The data platform 102 is used for reporting and analysis of integrated data from one or more disparate sources including the storage devices 1 to N within the data storage system 106. The data platform 102 hosts and provides data reporting and analysis services to multiple consumer accounts. Administrative users can create and manage identities (e.g., users, roles, and groups) and use privileges to allow or deny access to identities to resources and services. Generally, the data platform 102 maintains numerous consumer accounts for numerous respective consumers. The data platform 102 maintains each consumer account in one or more storage devices of the data storage system 106. Moreover, the data platform 102 may maintain metadata associated with the consumer accounts in the metadata database 114 of the metadata system 116. Each consumer account includes multiple objects with examples including users, roles, privileges, a datastores or other data locations.
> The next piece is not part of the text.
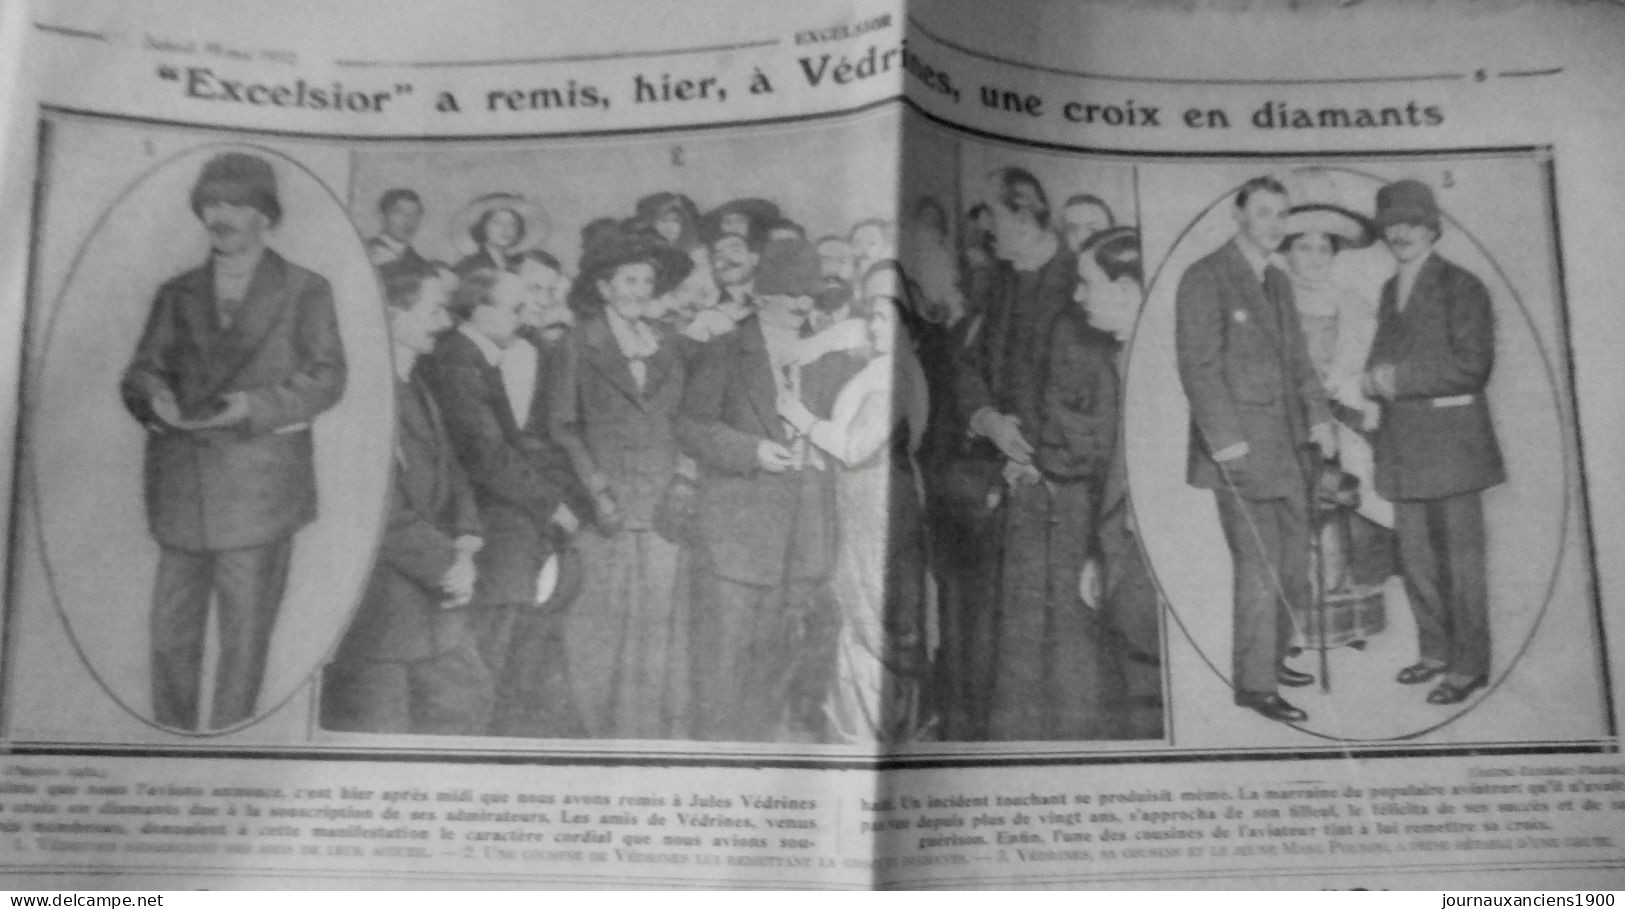 1912 EXCELSIOR ARTICLE DE PRESSE AVIATION VEDRINES CROIX DIAMANTS 1 JOURNA ANCIEN - Diapositivas De Vidrio

The compute service manager 104 coordinates and manages operations of the data platform 102. The compute service manager 104 also performs query optimization and compilation as well as managing clusters of compute services that provide compute resources (also referred to as “virtual warehouses”). The compute service manager 104 can support any number and type of clients such as end users providing data storage and retrieval requests, system administrators managing the systems and methods described herein, and other components/devices that interact with compute service manager 104. As an example, the compute service manager 104 is in communication with the client system 112. The client system 112 can be used by a user of one of the multiple consumer accounts supported by the data platform 102 to interact with and utilize the functionality of the data platform 102.
In some examples, the compute service manager 104 does not receive any direct communications from the client system 112 and only receives communications concerning jobs from a queue within the data platform 102.
The compute service manager 104 is also coupled to metadata database metadata system 116. The metadata system 116 includes a metadata database 114 that stores metadata pertaining to various functions and examples associated with the data platform 102 and its users. In some examples, the metadata database 114 includes a summary of data stored in remote data storage systems as well as data available from a local cache. In some examples, the metadata database 114 may include information regarding how data is organized in remote data storage systems (e.g., the data storage system 106) and the local caches. In some examples, the metadata database 114 include data of metrics describing usage and access by provider users and consumers of the data stored on the data platform 102. In some examples, the metadata database 114 allows systems and services to determine whether a piece of data needs to be accessed without loading or accessing the actual data from a storage device.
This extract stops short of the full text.